- Ranipur Rajputan Location in Punjab, India Ranipur Rajputan Ranipur Rajputan (India)
- Coordinates: 31°17′58″N 75°44′35″E﻿ / ﻿31.299475°N 75.742964°E
- Country: India
- State: Punjab
- District: Kapurthala

Government
- • Type: Panchayati raj (India)
- • Body: Gram panchayat

Population (2011)
- • Total: 1,595
- Sex ratio 801/794♂/♀

Languages
- • Official: Punjabi
- • Other spoken: Hindi
- Time zone: UTC+5:30 (IST)
- PIN: 144401
- Telephone code: 01822
- ISO 3166 code: IN-PB
- Vehicle registration: PB-09
- Website: kapurthala.gov.in

= Ranipur Rajputan =

Ranipur Rajputan is a village in Phagwara Tehsil in Kapurthala district of Punjab State, India.
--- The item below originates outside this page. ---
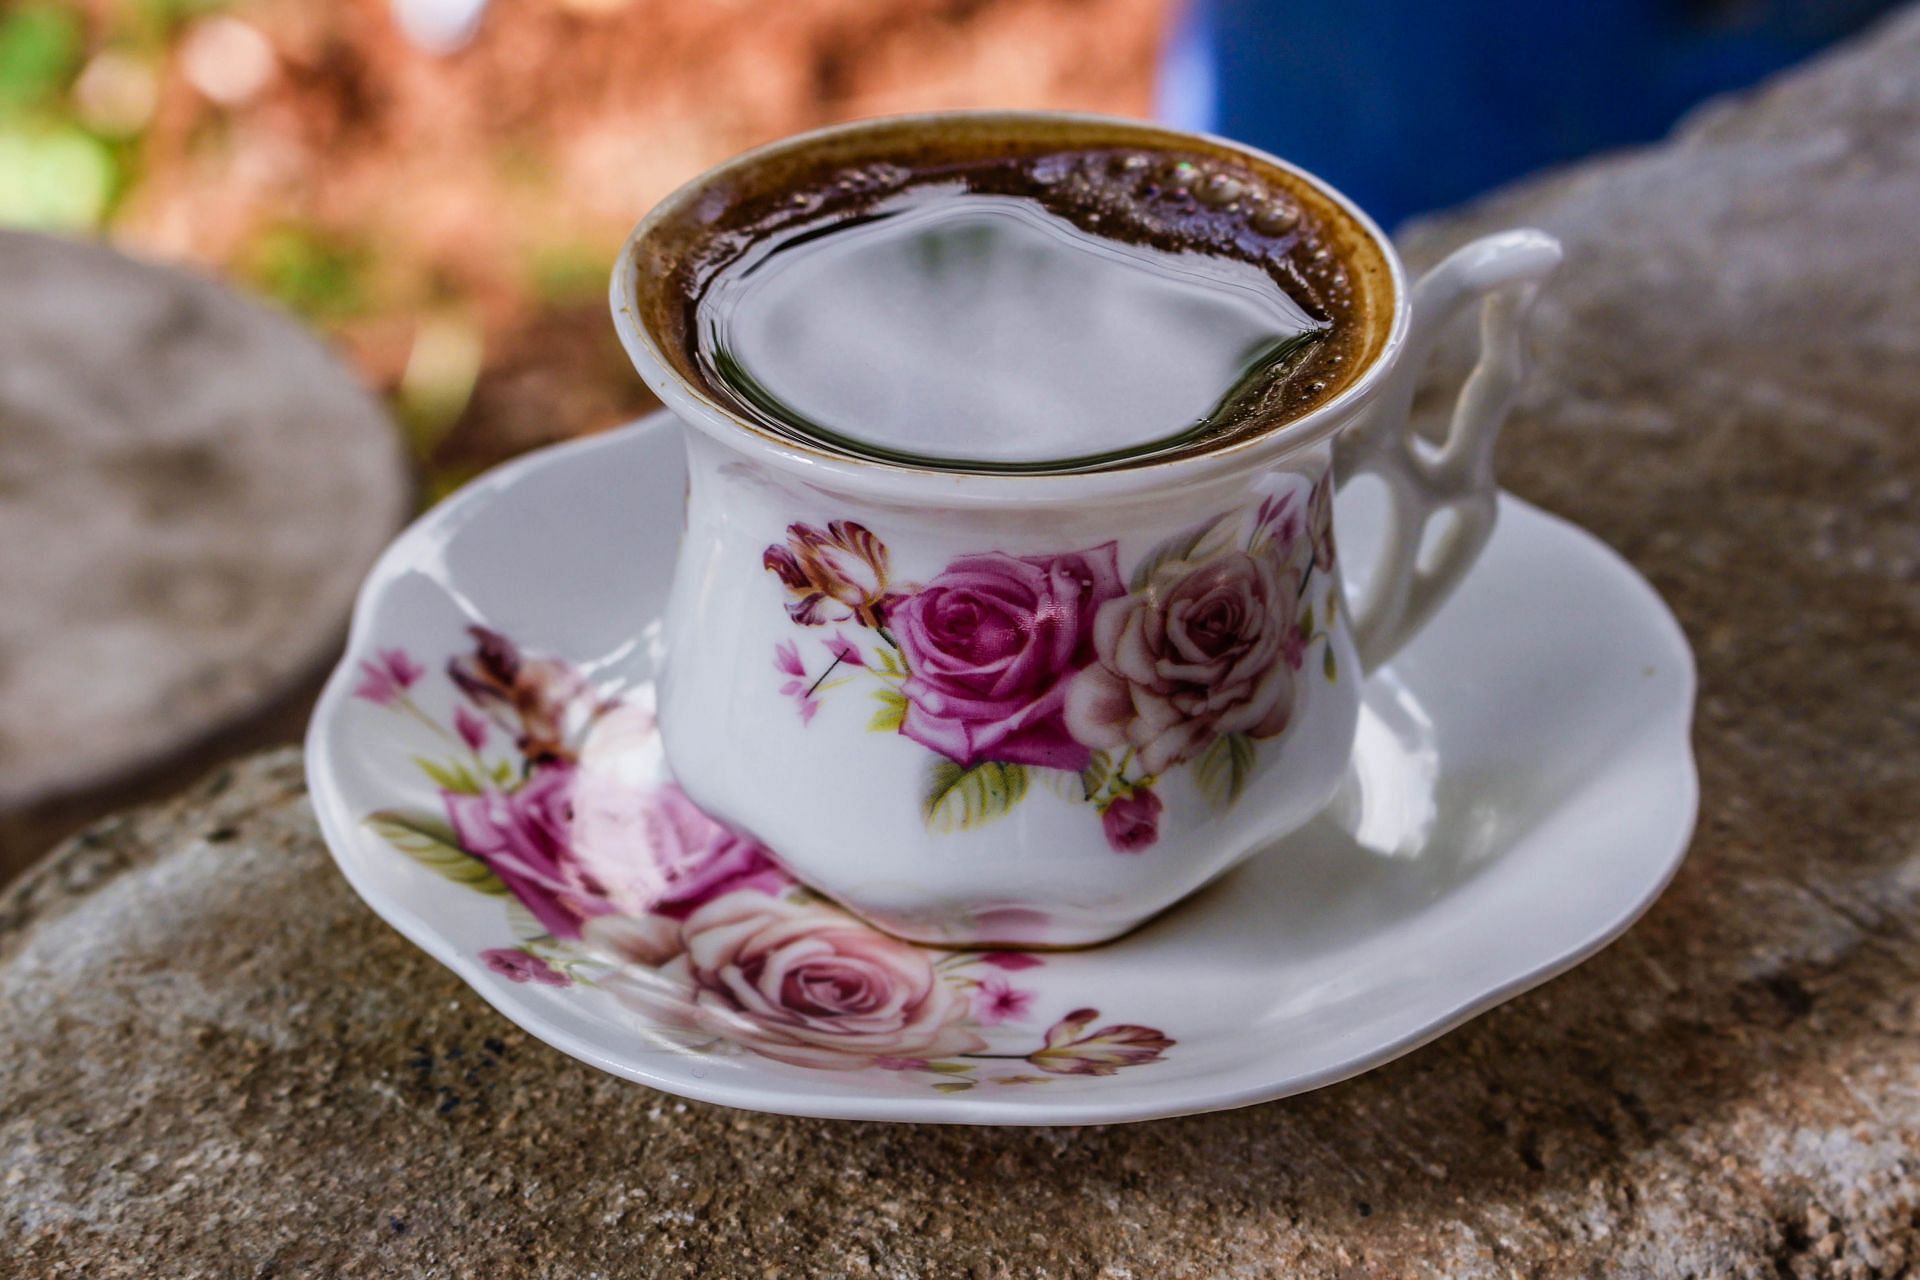 Rose tea as one of the stress-relief teas (image sourced via Pexels / Photo by Samer)

It is 48 km from Kapurthala, 13 km from Phagwara. The village is administrated by a Sarpanch who is an elected representative of village as per the constitution of India and Panchayati raj.

== Transport ==
Phagwara Junction Railway Station and Chiheru Railway Station are nearby railway stations to Ranipur Rajputan. Jalandhar City Railway station is 16 km from the village. The village is 110 km away from Sri Guru Ram Dass Jee International Airport in Amritsar. Another nearby airport is Sahnewal Airport in Ludhiana, 50 km from the village.